DIY Shabbat Dinner
The meaning of the Sabbath is to celebrate time rather than space. Six days a week we live under the tyranny of things of space; on the Sabbath we try to become attuned to holiness in time. It is a day on which we are called upon to share in what is eternal in time, to turn from the results of creation to the mystery of creation; from the world of creation to the creation of the world.
He who wants to enter the holiness of the day must first lay down the profanity of clattering commerce, of being yoked to toil. He must go away from the screech of dissonant days, from the nervousness and fury of acquisitiveness and the betrayal in embezzling his own life. He must say farewell to manual work and learn to understand that the world has already been created and will survive without the help of man. Six days a week we wrestle with the world, wringing profit from the earth; the Sabbath we especially care for the seed of eternity planted in the soul.
Abraham Joshua Heschel
Shabbat can be a respite from the world - a time to step back from what we have to do and take care of some of the things we need to do - laugh, sing, connect, give thanks. It's an incredibly simple way to make sure we have the space we need to care for the seed of eternity planted in our souls. One of the best ways to make Shabbat "happen" is with a meal - some friends or family, some wine, some food and some music.

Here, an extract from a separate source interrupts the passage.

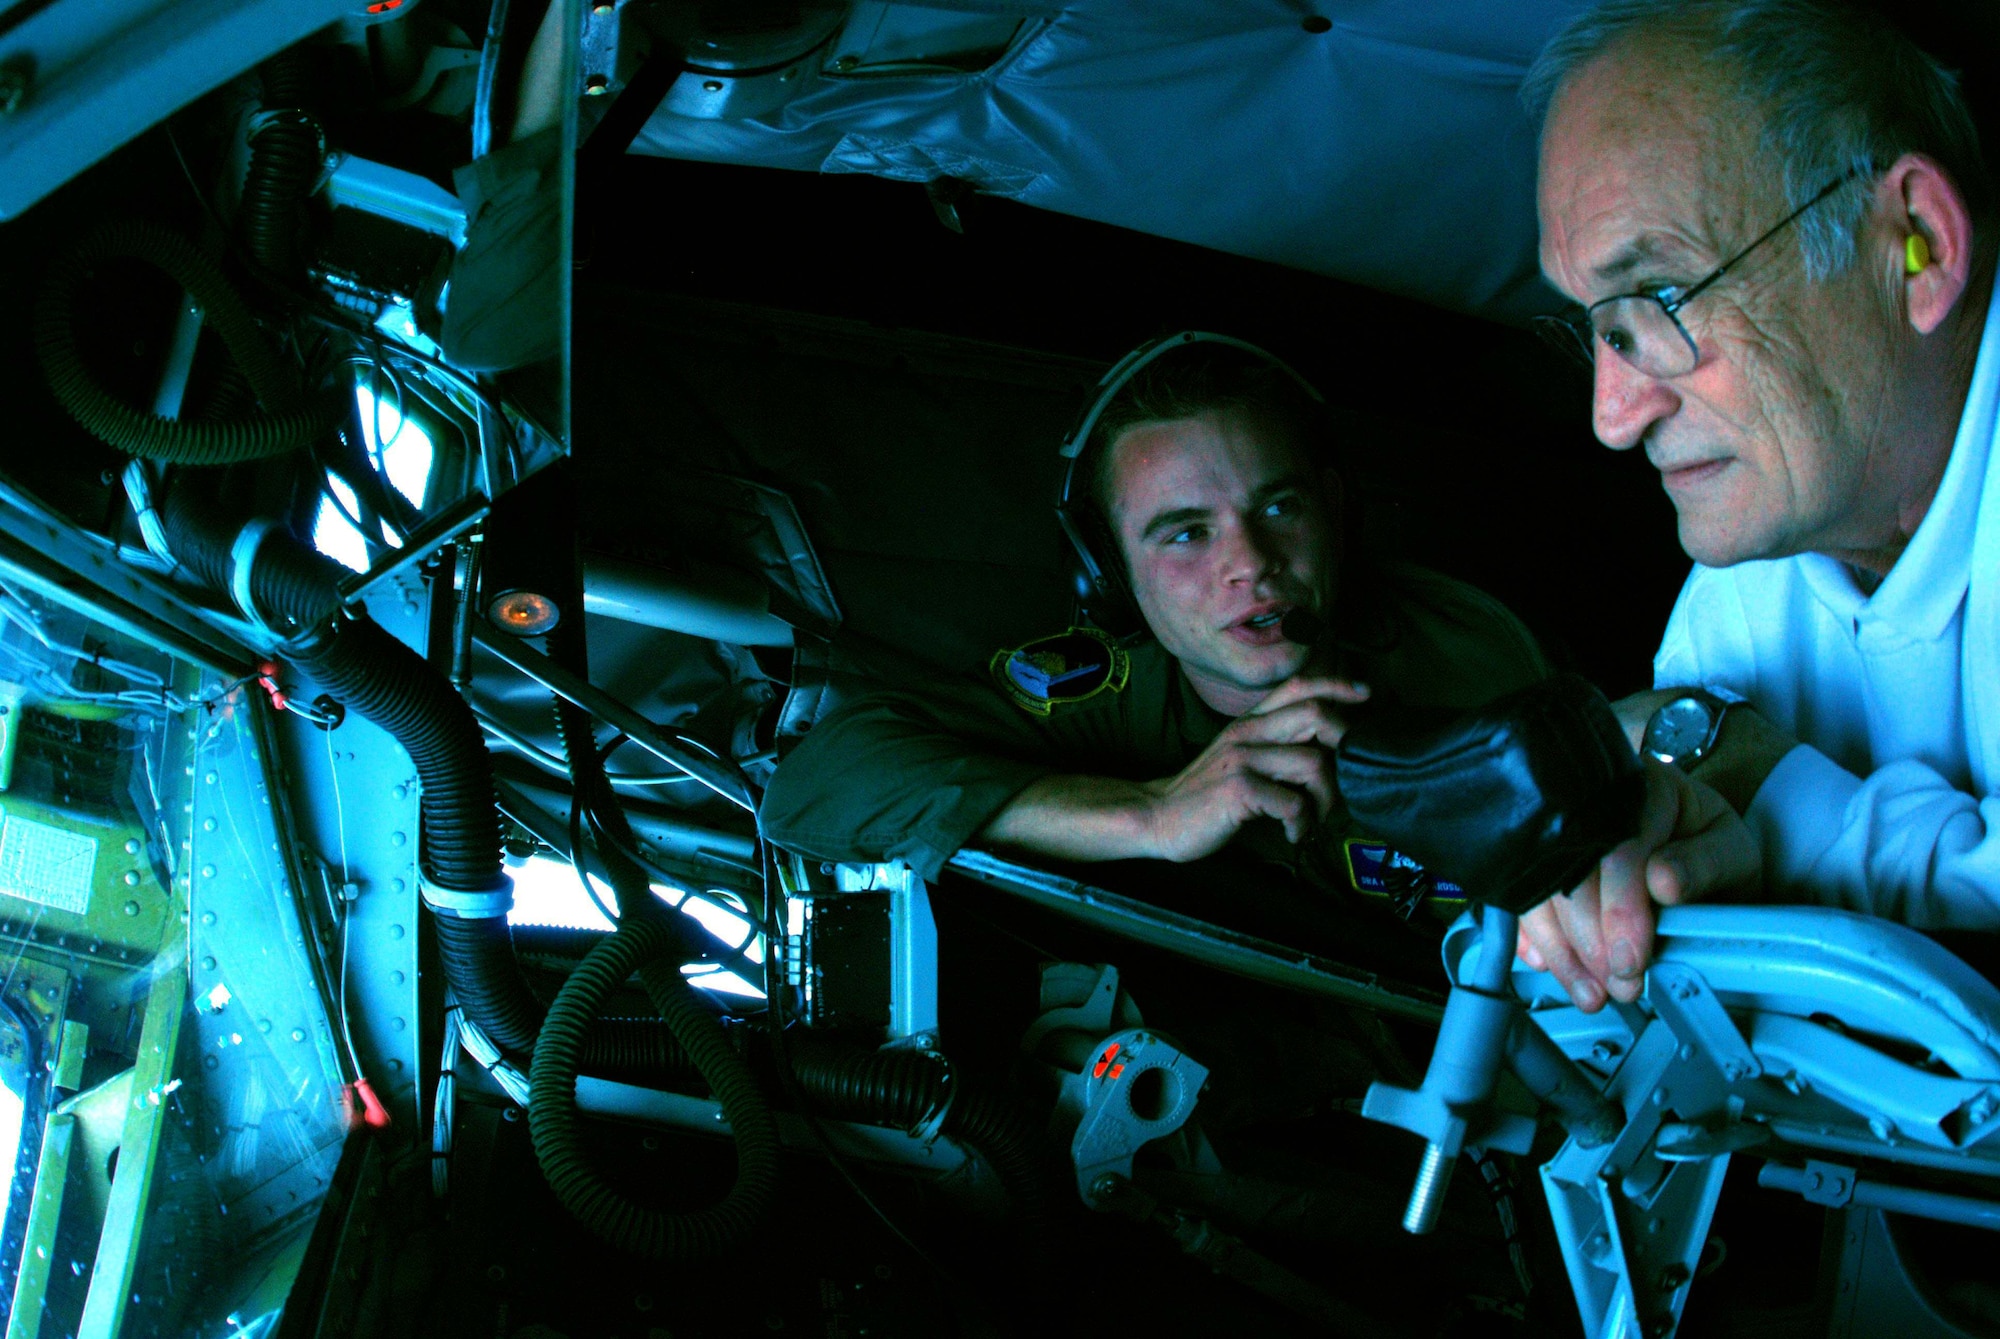 Senior Airman Geoffrey Richardson, 756th Air Refueling Squadron boom operator, explain controls and his responsibilities to Lee Schiek, 459th Air Refueling Wing honorary commander during an orientation flight April 3. (U.S. Air Force photo/ Senior Airman Ashley Crawford)

What we have here are some of the basic rituals of shabbat dinner; feel free to add, subtract, alter as needed.
Our friends at Moishe House and G-dcast have put together a (slightly tongue-in-cheek) video that covers the major rituals of Shabbat dinner in video game format. More descriptions are below, but this will give you a fun overview of what's involved.
You can read a little bit more and get the wording for each of the practices below.
Reb Zalman Schachter-Shalomi calls Shabbat "a period inserted into an otherwise endless run-on sentence. It lets us know when it is time to stop and take a breath."
Lighting the candles, breathing deep and trying to bring some of that light inside is how we mark the transition from regular time to Shabbat time. Whatever it is that we are letting go of - work, finances, email, the future - this is the moment when we let it go.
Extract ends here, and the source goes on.